City-dwellers know that some of the best food in the world comes off of food trucks. These mobile kitchens serve up deep-fried delights, grilled goodness, and fresh fare (but mostly deep-fried delights). Kitchen Scramble on Facebook is a time-management game based around an entrepreneuse who aims to dish out a diverse menu from the back of her own food truck. It’s a noble ambition; too bad the core gameplay is basically the same meal we’ve been served over and over.

Your driver and cook in Kitchen Scramble is Pepper Mills, a young woman harboring big dreams about serving healthy food to the masses. Unfortunately, her friend Candace is bent on starting a business that serves up wads of processed fast-food garbage. Pepper doesn’t believe she can strike out on her own. She’s devastated until she gets support from Chef Crisp, who advises her to operate a food truck. Pepper agrees, and begins serving meals on wheels.

Kitchen Scramble

Chef Crisp shows you the ropes, and in no time at all, you start rolling through towns with delicious names like Waffleton, Pittsburger, and Molassessippi. There are several levels in each city, and each one is teeming with hungry men and women. Kitchen Scramble plays much like a simplified version of Diner Dash. There’s no seating and no clean-up: your job is to focus on feeding your ravenous customers.
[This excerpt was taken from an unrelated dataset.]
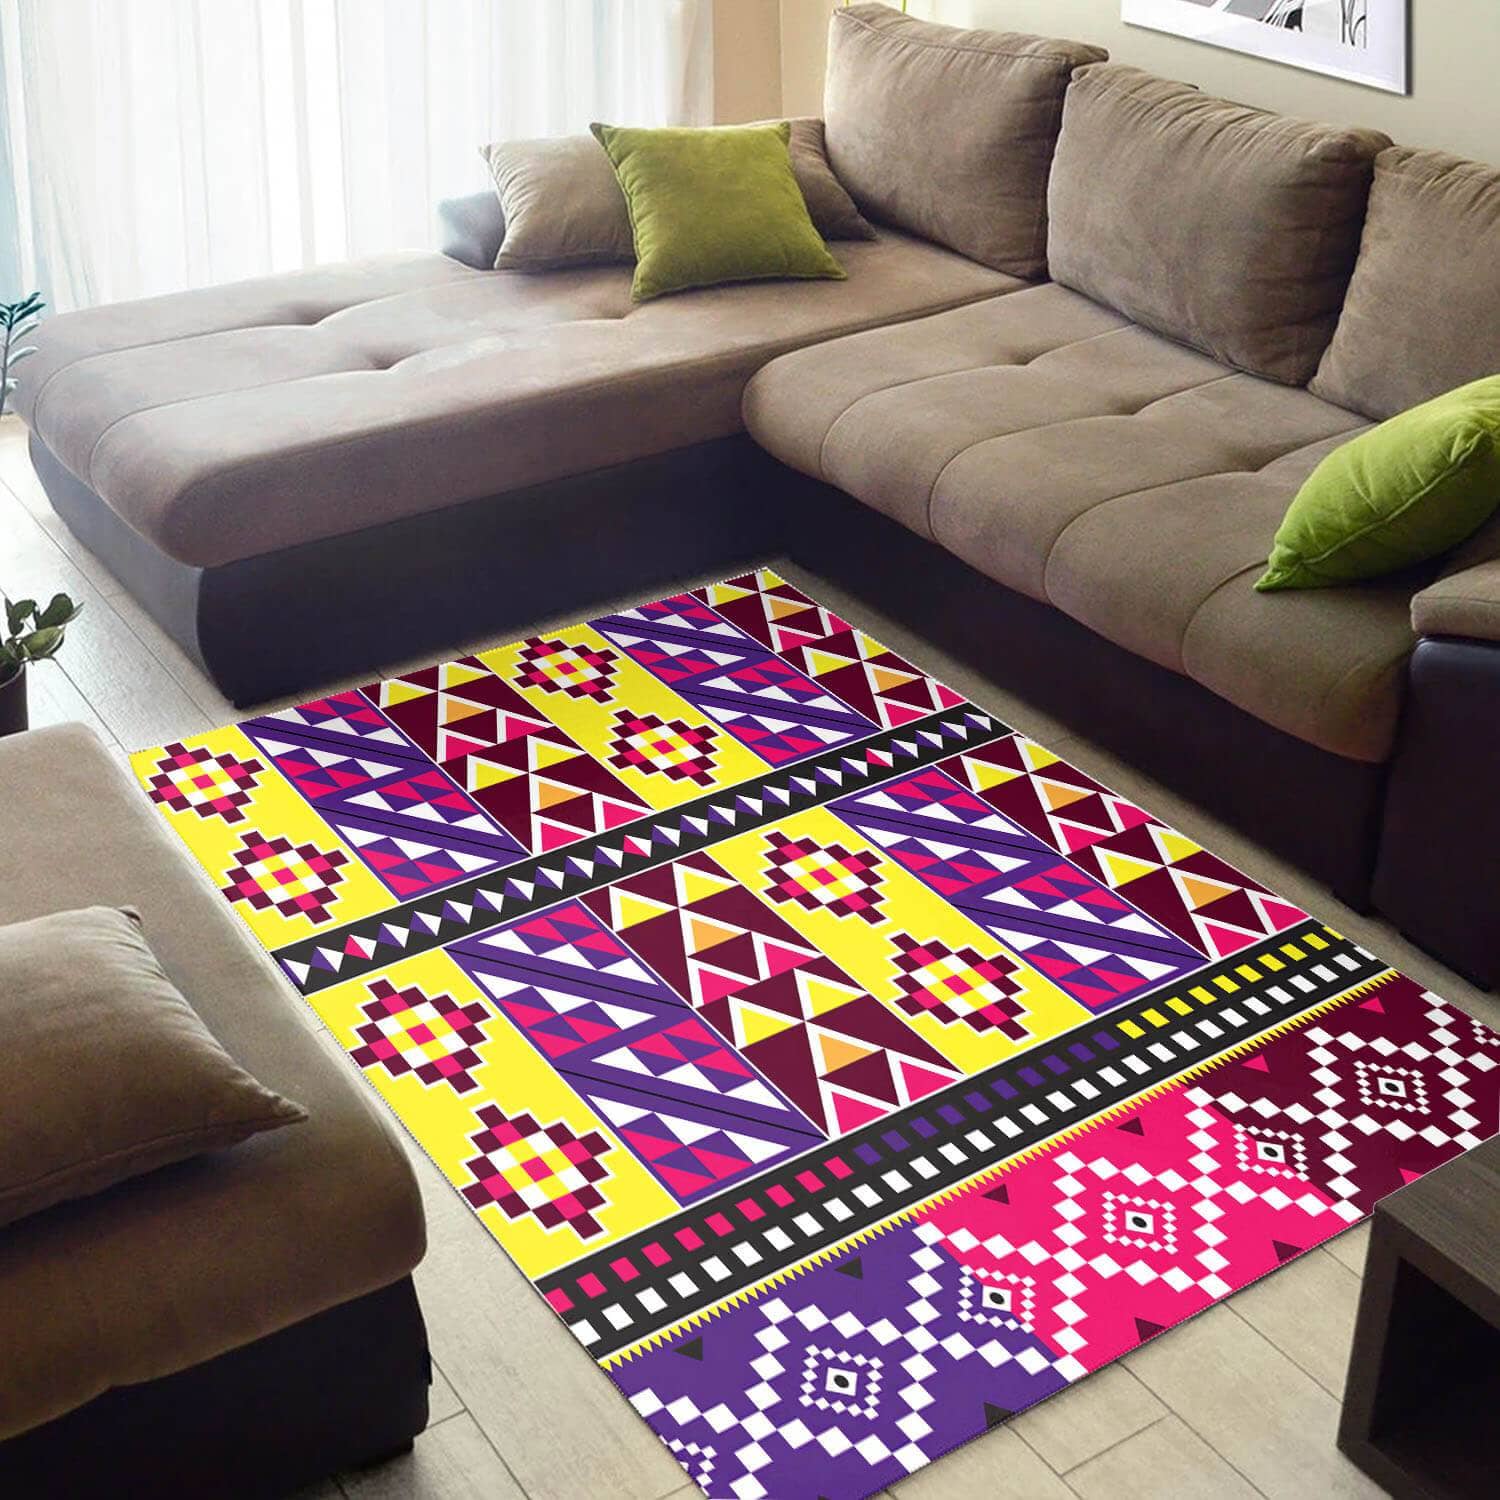 Trendy African American Holiday Afro Afrocentric Pattern Art Design Floor Carpet Inspired Living Room Rug

That’s not to suggest that Kitchen Scramble is easy, though it starts off gently. Your first customers only want simple dishes, like baked potatoes (made by putting potatoes into your oven) and fried eggs (made by cracking eggs into a pan and waiting for them to fry up). In time, you unlock more ingredients, more recipes, and more appliances. You’re expected to combine ingredients to make more complex dishes. For instance, preparing an omelette requires you to blend an egg, onion, and tomato, and then pour the batter into a frying pan. Similarly, fixing a hamburger requires you to fry up a patty, and then assemble it with a bun and vegetables. This multi-tasking becomes complex and frenzied quite early in the game, which might turn off some players.

Kitchen Scramble

Your customers’ patience ticks down the longer you make them wait for their food, but if you serve them quickly, you’ll get paid well and will receive a big tip. Whenever a new customer shows up, you have a few seconds of grace while he or she decides on what they want. During this time, you can guess at what you need to prepare based on the physical appearance of your customer—truckers like fried food, the reporter likes salad, the college student likes potato-based dishes—but if you guess wrong, you waste time and food.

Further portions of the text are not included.